Thursday, April 21, 2011

Zambrano Threat Levels


By: Clay

Zambrano hasn't lost since last June 25th of 2010 when he had his most famous meltdown in the Crosstown Showdown. Granted, he was suspended by the team for a month or so that season but he has pitched well enough to not earn a loss in any of his starts or relief appearances since that day. Know Zambrano the way I do, which is exactly the same as all of you, I decided it would be helpful not only to us but to his fellow teammates if I developed the "Fiery Zambrano Chart" to correspond to this season.

Level One: All is well. You either just enjoyed a night out with Ozzie Guillen or k'd 12 batters while only giving up 8 walks in a 5-4 Cubs win.


Level Two: You didn't get any run support tonight and Soriano made a costly error.

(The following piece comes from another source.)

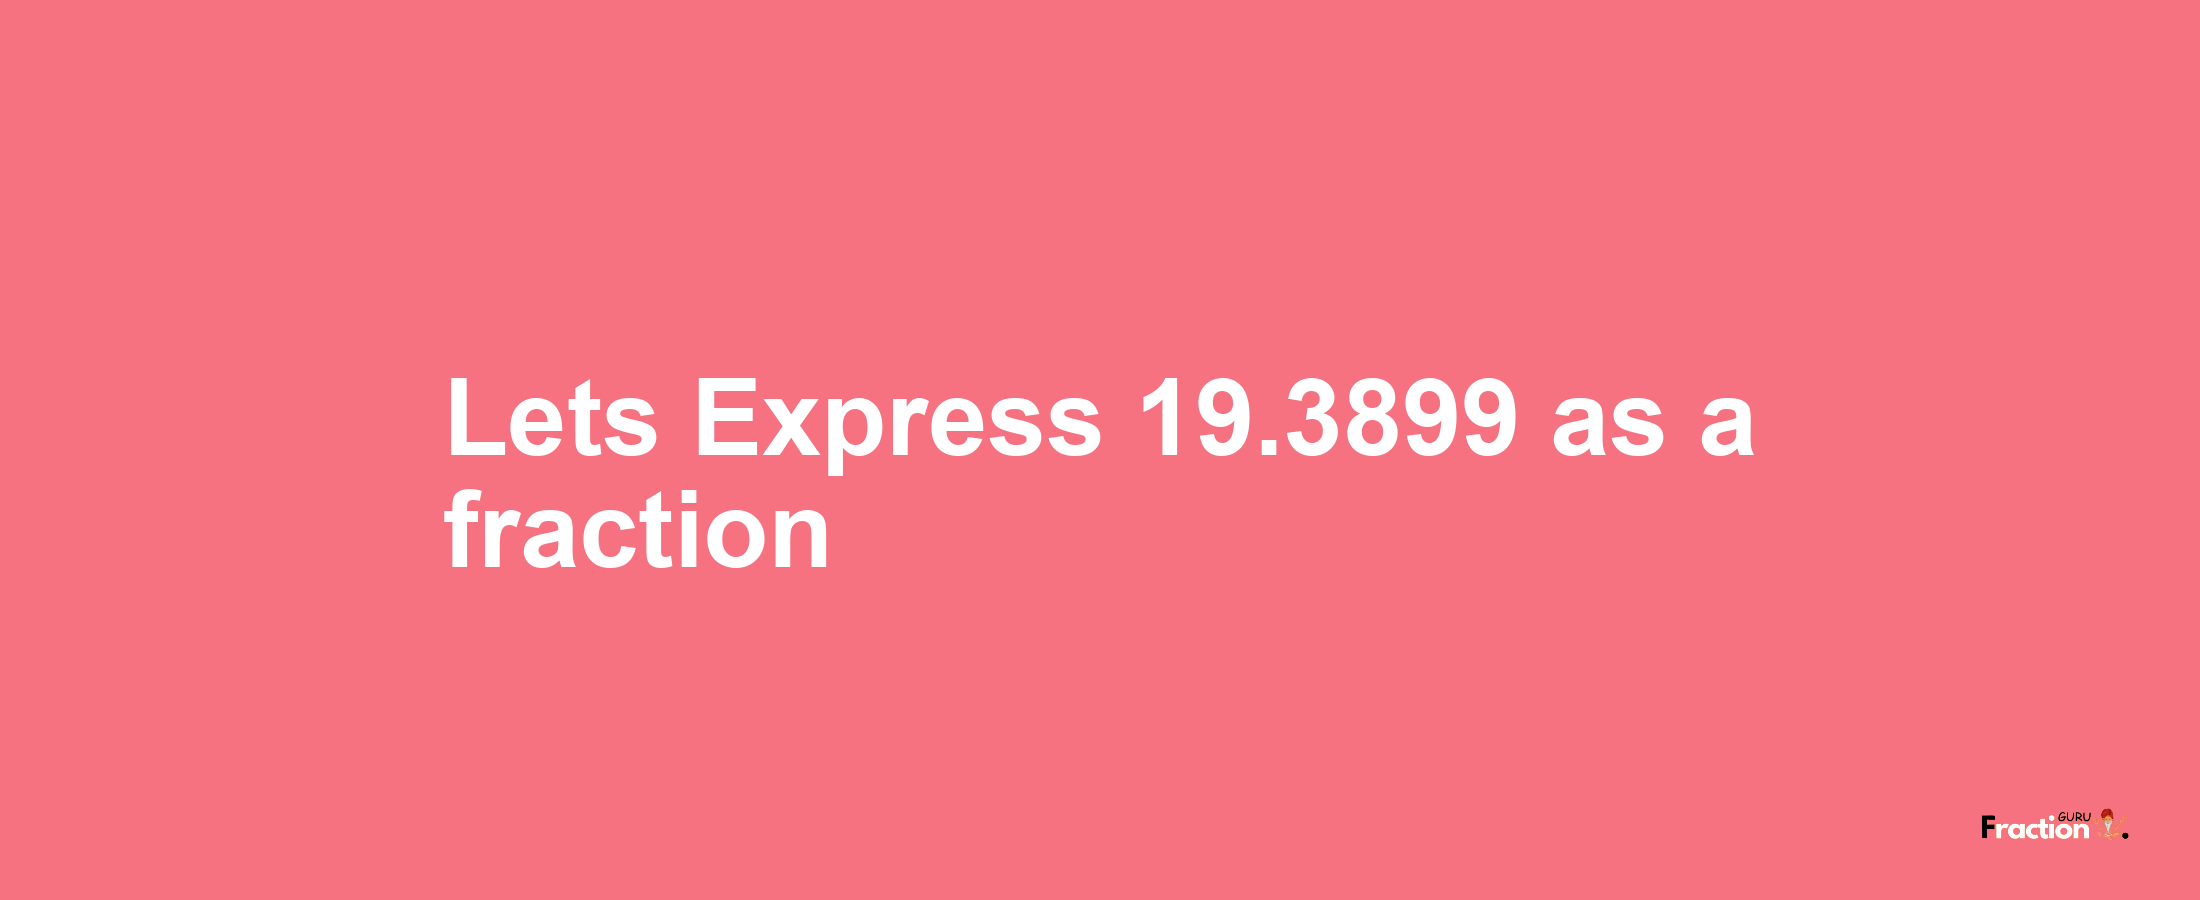 Lets Express 19.3899 as afraction
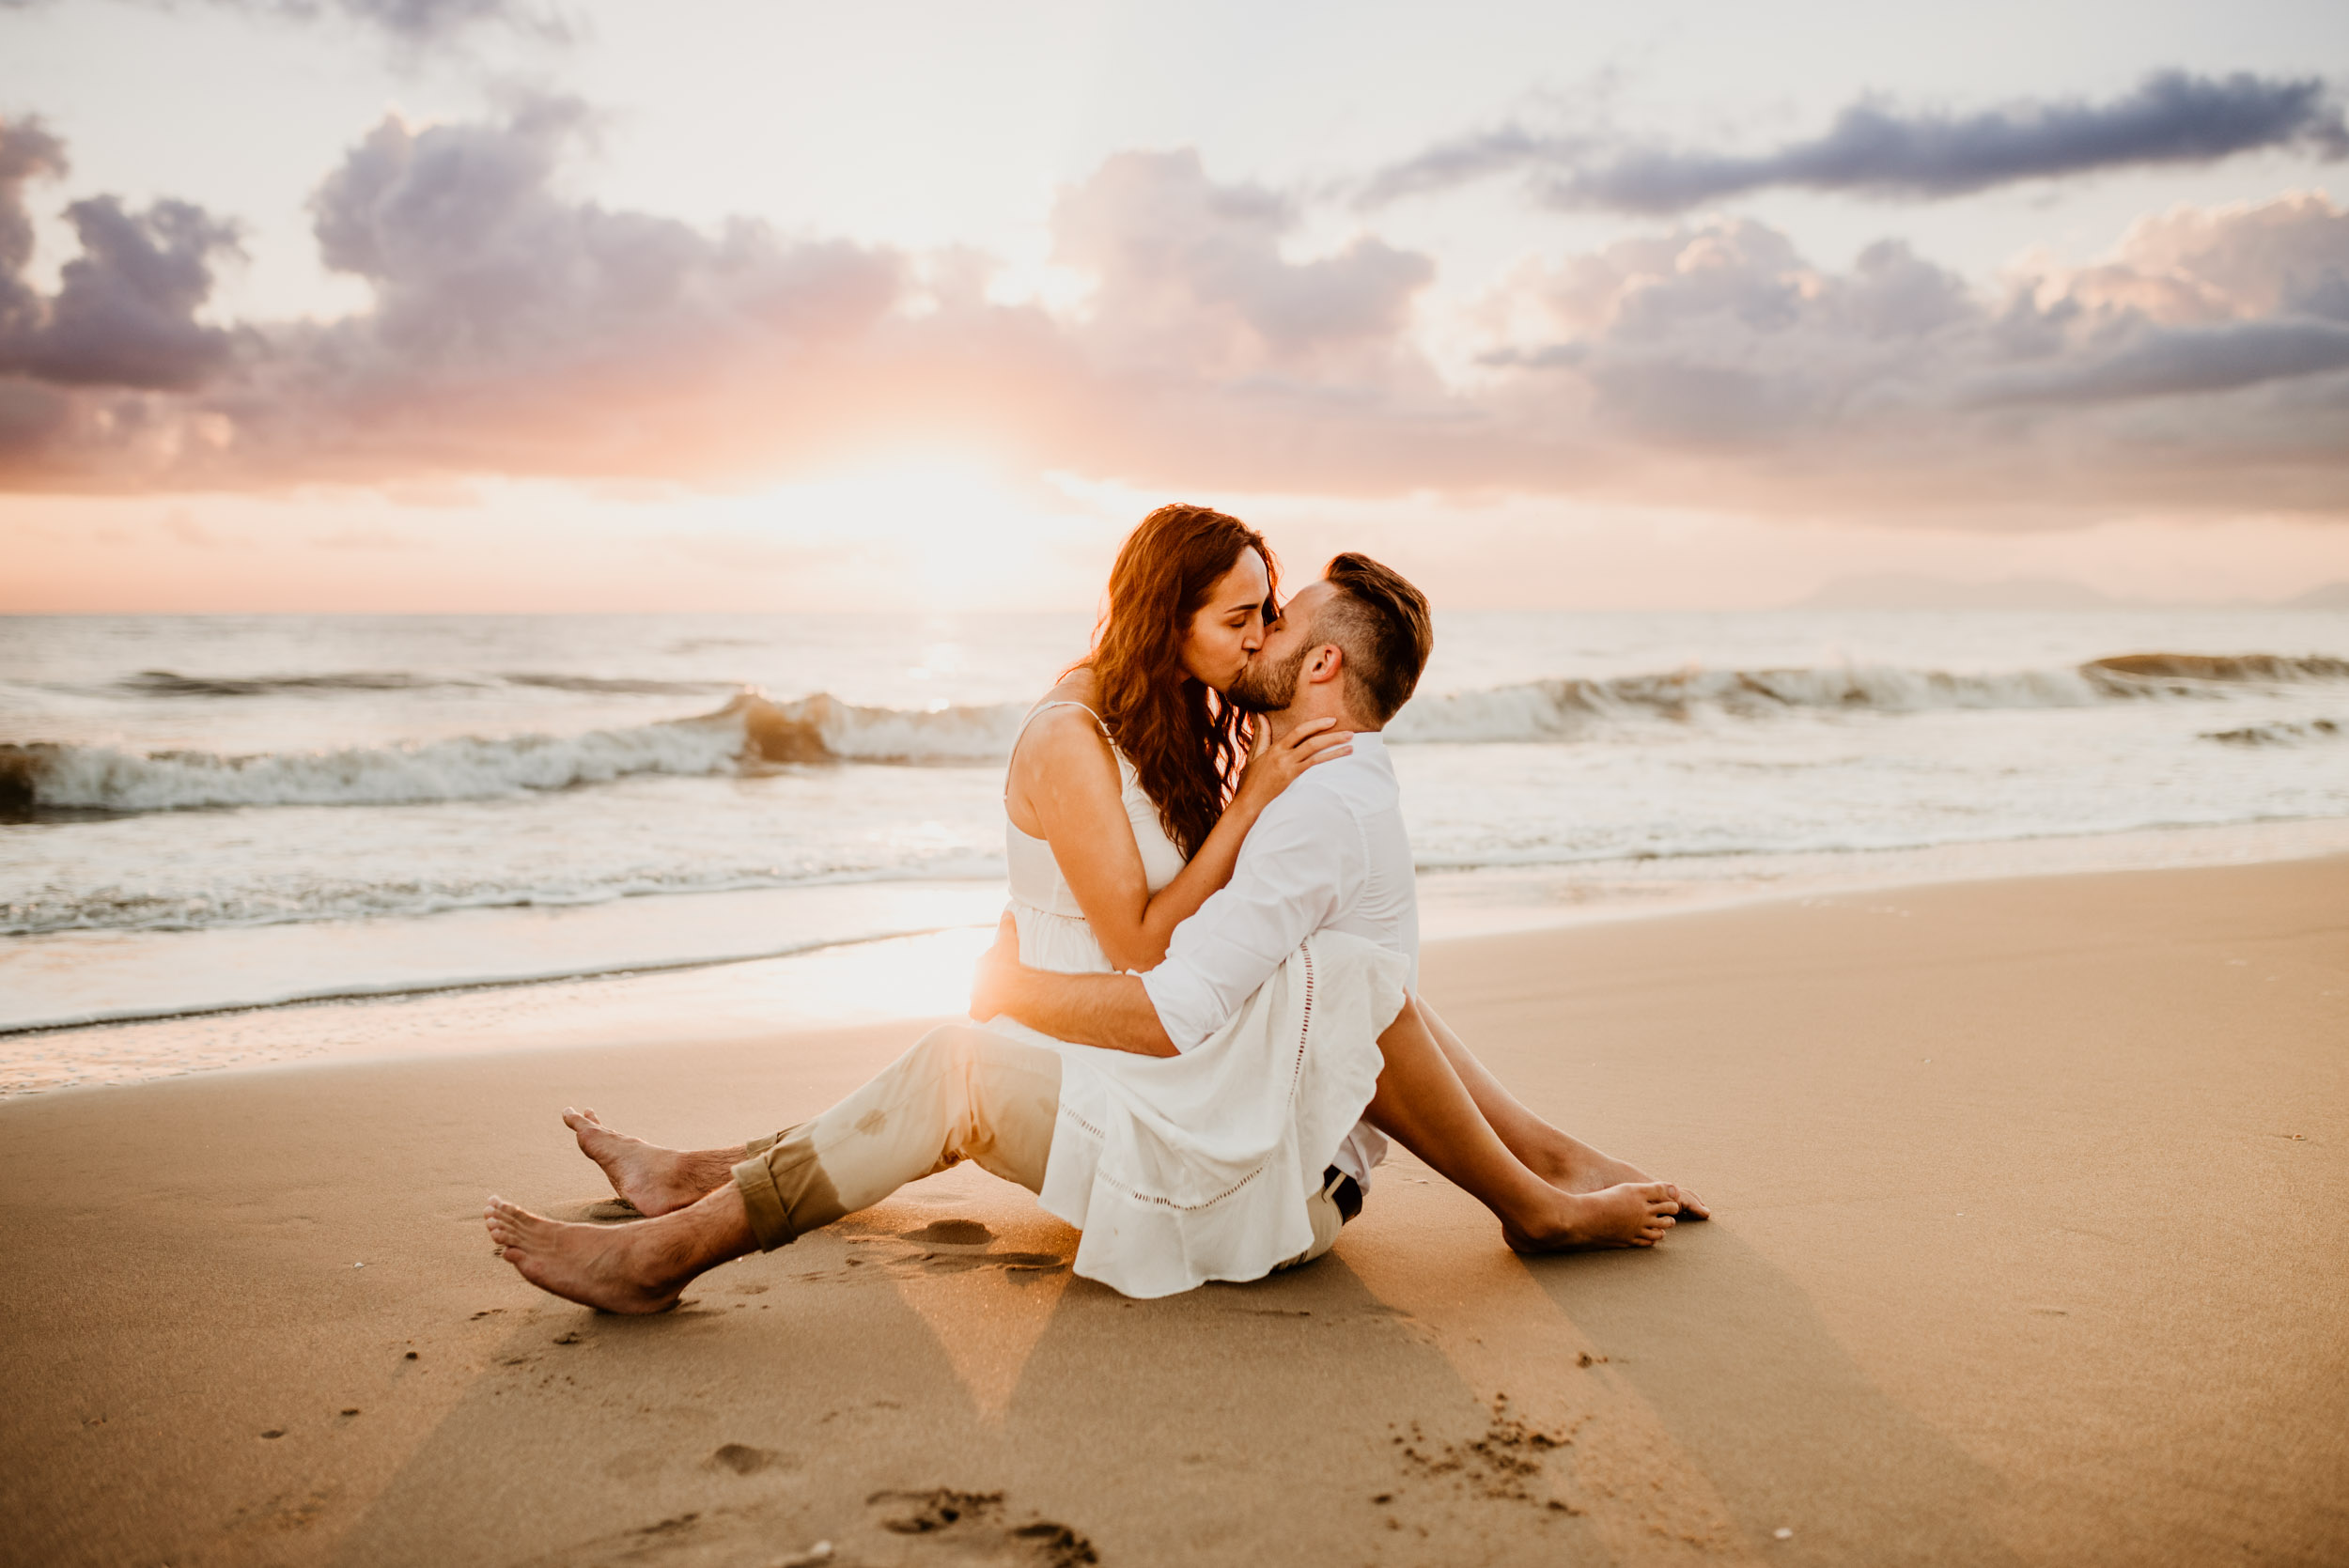 The Raw Photographer - Cairns Wedding Photographer - Engaged Engagement - Beach location - Candid Photography Queensland-16.jpg

Good thing you took Trevor Miller yard for a two run bomb. Not bad.


Level Three: You didn't make it out of the fourth inning. But it's not entirely your fault. If only Carlos Pena could hit the damn ball, the Cards wouldn't be up 7-0.


Threat Level Four: When will Soto learn? When you are on the mound you make the calls. Nothing is more embarrassing then giving up a 7th inning lead. Oh well, Still struck out Pujols...Twice. Ka-ching!


Threat Level Five: Tonite you caught Pujols looking three times and, after giving up a homer to Edmonds in the first, you proceded to retire the entire Cards line-up in order for 8 innings with the exception of plunking Edmonds and Lohse. Helluva game.


Threat Level Six: Nothing fires you up more than showing up the opponent. Pass go and collect $200!


Threat Level Seven: That mother Fucker has been squeezing you the whole game. Go ape-shit on his ass. Miss two starts and pay 5K in fines.


Threat Level Eight: Unable to make up for your poor pitching by parking a couple of balls out on Waveland, take out your frustrations by breaking Randall Simon's bat.


Threat Level Nine: Some days you couldn't hit water if you fell out of a boat. Which is exactly why you should throw your glove like a crybaby brat and go destroy that bright orange Gatorade cooler that has been mocking you throughout the entire first and second innings.


Threat Level Midnight: All mental awareness, or what ever was left of it, checks out. Time to self destruct.

1 comment:

Dustin said...

This is sheer genius, and I'm proud to be associated with the man who came up with it.